Fairtrade Ireland
- Company type: Non-profit organisation
- Founded: 1992; 34 years ago
- Headquarters: Dublin, Ireland
- Key people: Peter Gaynor, Executive Director
- Website: www.fairtrade.ie/

= Fairtrade Ireland =

Fairtrade Ireland is the Irish member of FLO International, which unites 23 Fairtrade producer and labelling initiatives across Europe, Asia, Latin America, North America, Africa, Australia and New Zealand.

The organisation, which is registered as a charity, awards a consumer label, the Fairtrade Certification Mark, to products which meet internationally recognised standards of Fairtrade. It is supported by Amnesty International, ActionAid Ireland, Christian Aid, Comhlámh, Concern, Oxfam, Trócaire and the Irish Congress of Trade Unions and is active throughout Ireland through a network of volunteers.

The first Irish product bearing the Fairtrade Mark, Bewley's Direct coffee, was launched in November 1996. Today, dozens of Irish products bear the Fairtrade Mark, and Fairtrade products are sold by most major Irish supermarkets, such as Tesco, Dunnes Stores, Londis, Marks & Spencer, Superquinn, Supervalu, Centra, and Spar.

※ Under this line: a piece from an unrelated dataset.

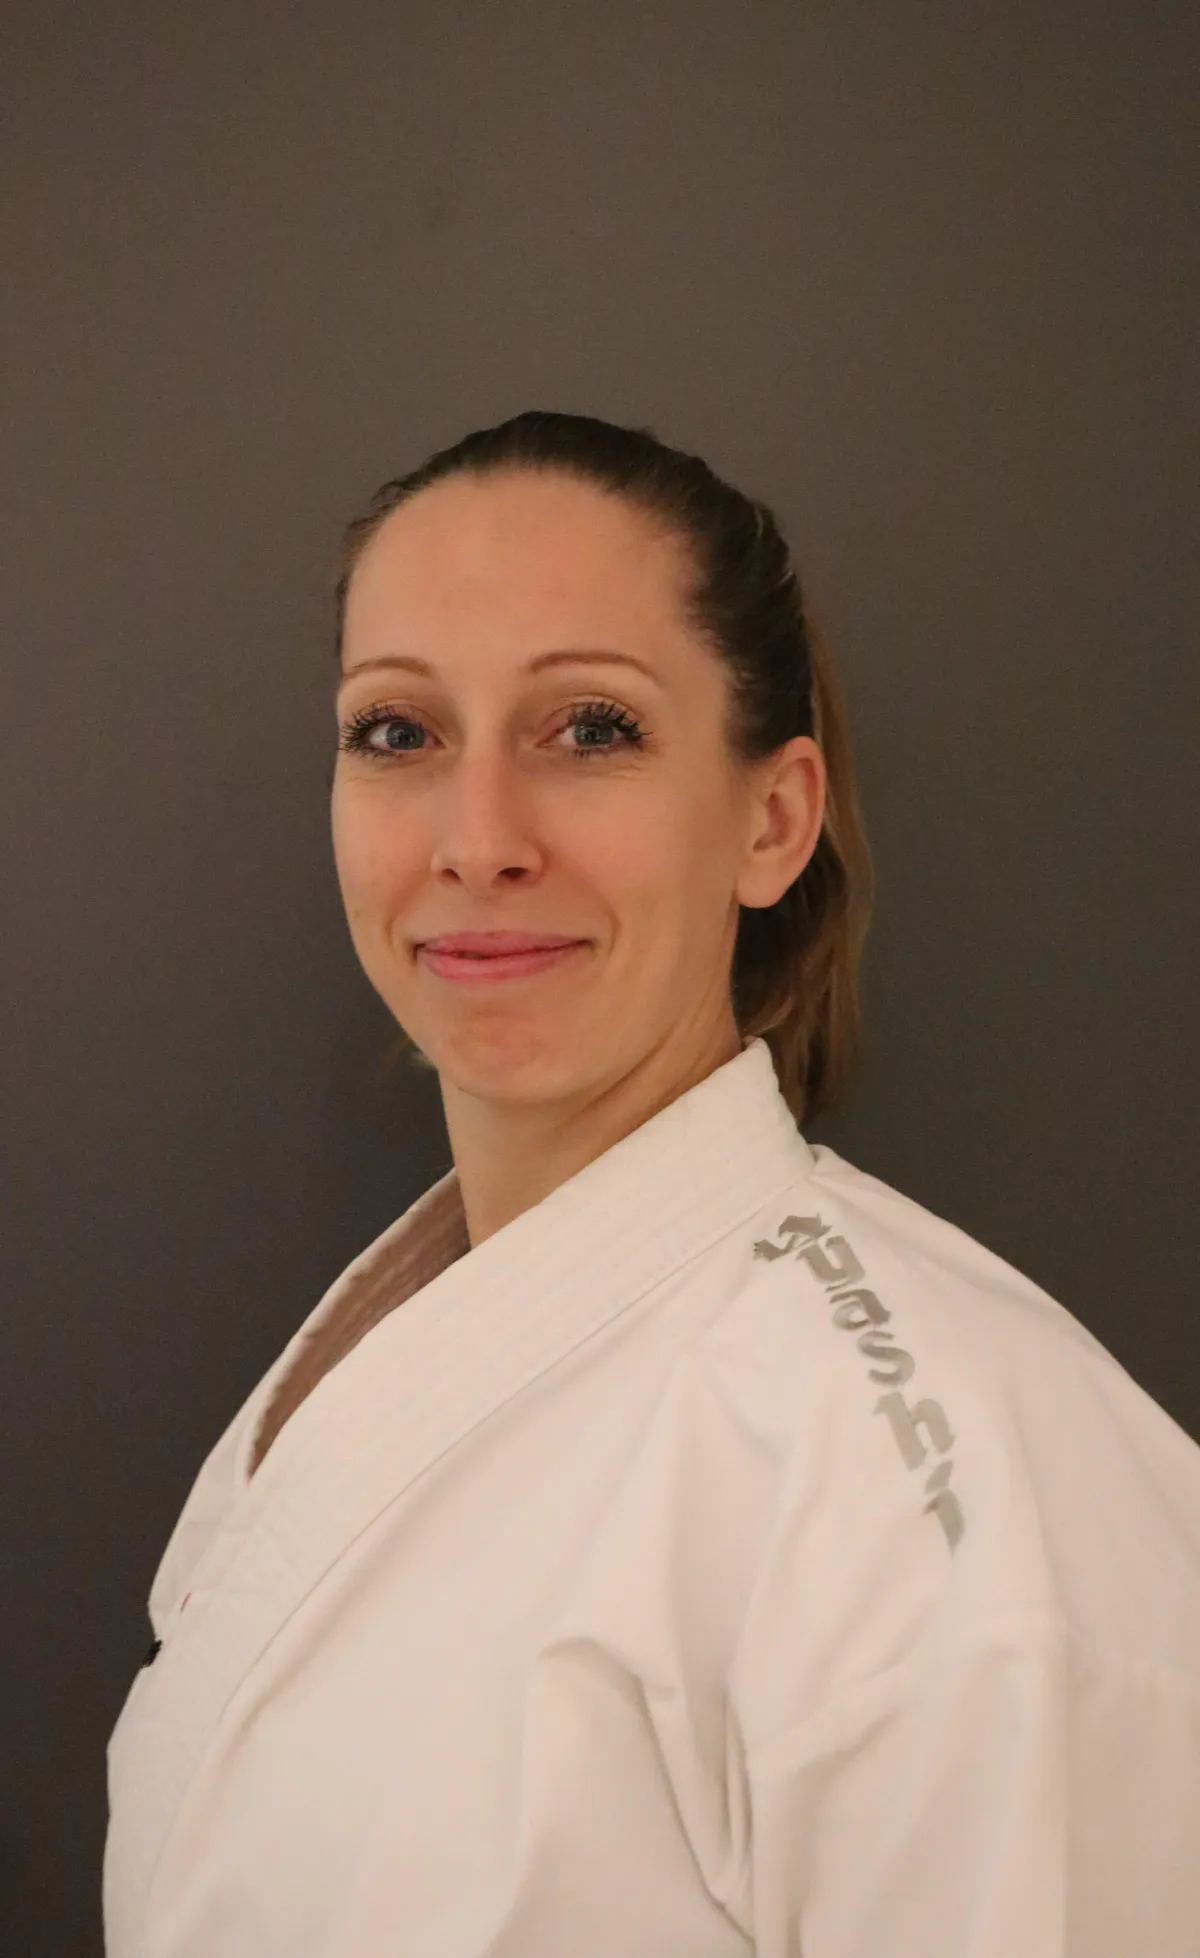 Annika Schmidt Trainer der Kampfsportschule Asia Sports Waldkraiburg.

Fairtrade Ireland's most active campaign is the Fairtrade Town programme. As of 2017, there were 49 registered Fairtrade Towns in Ireland. Fairtrade Ireland also runs the Fairtrade Schools, Fairtrade College, Fairtrade Ambassador, and Fairtrade@Work programs throughout Ireland

Sales of Fairtrade products in Ireland jumped by 101 per cent in 2007 to more than €23.3 million, up from €11.6 million in 2006.

A survey conducted in 2011 found that 88% of Irish adults trust the Fairtrade Certification Mark.